Kinematically-driven 2d oceanic subduction

Kinematically-driven 2d oceanic subduction#

This section was contributed by Anne Glerum.

This subduction example is based on the benchmark effort of Quinquis et al., of which initial results were published in Quinquis [2014]. In four increasingly complex setups we will go from isoviscous materials without any temperature effects to a fully thermo-mechanical, nonlinear, strain-weakened visco-plastic, externally-driven model of oceanic subduction. The setup of the most complex case is outlined in Fig. 123. The models are run for 15 My and slab tip depth, trench location, RMS velocity and temperature, and viscous dissipation are monitored. In addition, we discuss the effects of the element size of the subduction interface and crustal layers, viscosity averaging and the solver tolerance.

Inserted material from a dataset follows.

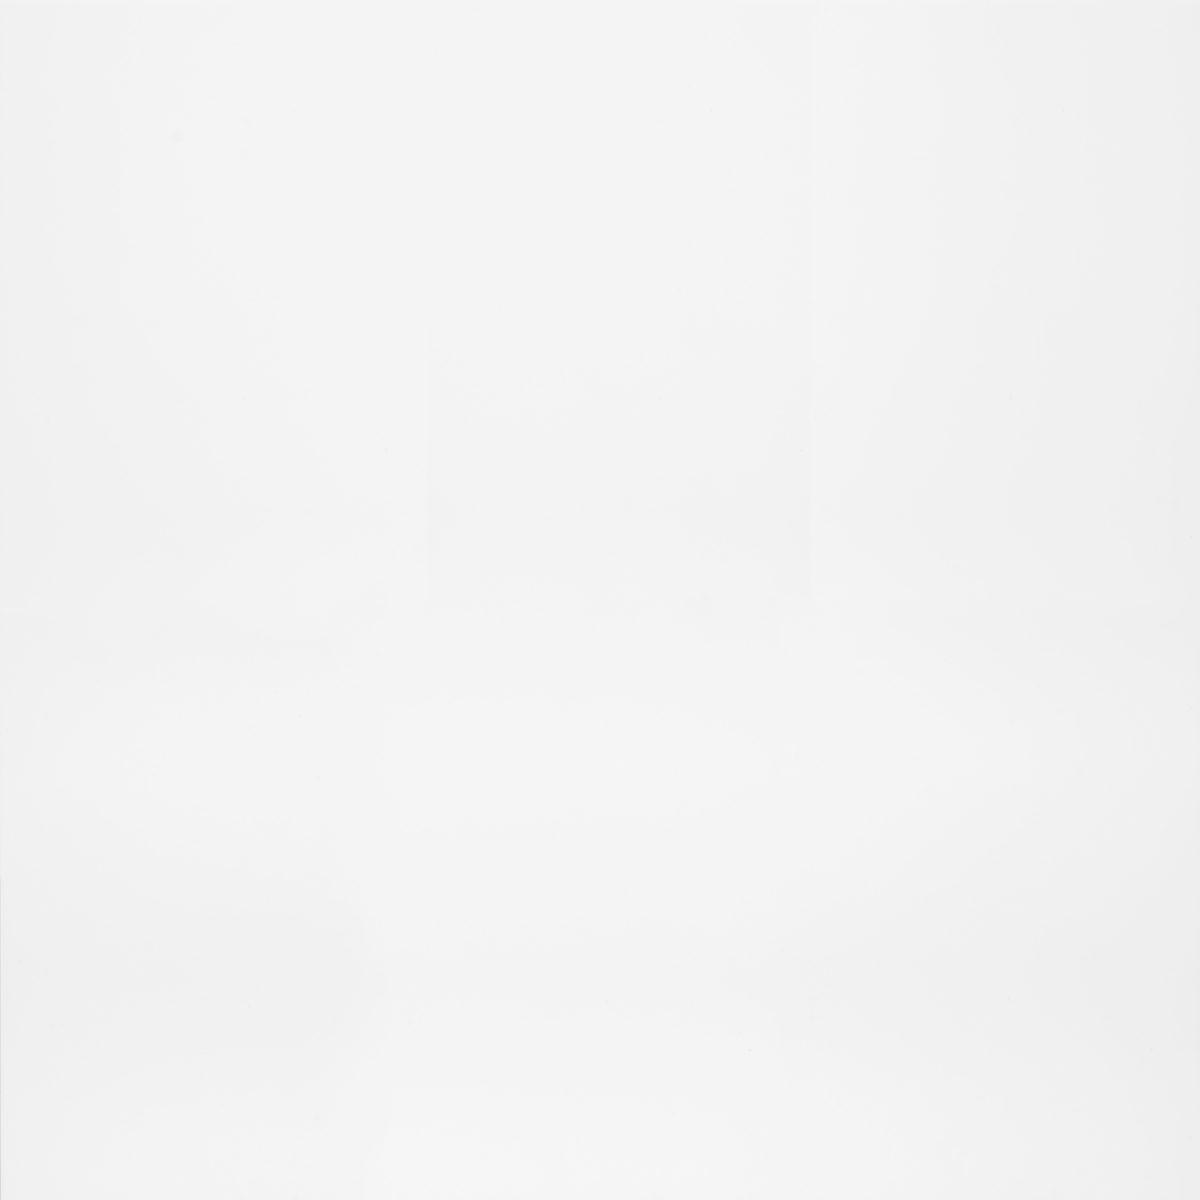 Lapitech Worktop Absolute White - Satin Finish

Fig. 123 Case 4 model setup. Copied from Quinquis [2014].#

Case 1: Simple geometry and rheology#

The Case 1 model setup considers three materials (compositional fields) apart from the background sublithospheric mantle (see Fig. 124):

  1. the lithosphere of the overriding plate (combining the BOC, SHB and thermal layer of the overriding plate in Fig. 123),

  2. the crust of the subducting plate (weak seed and BOC combined), and

  3. the mantle lithosphere of the subducting plate (SHB and thermal layer combined).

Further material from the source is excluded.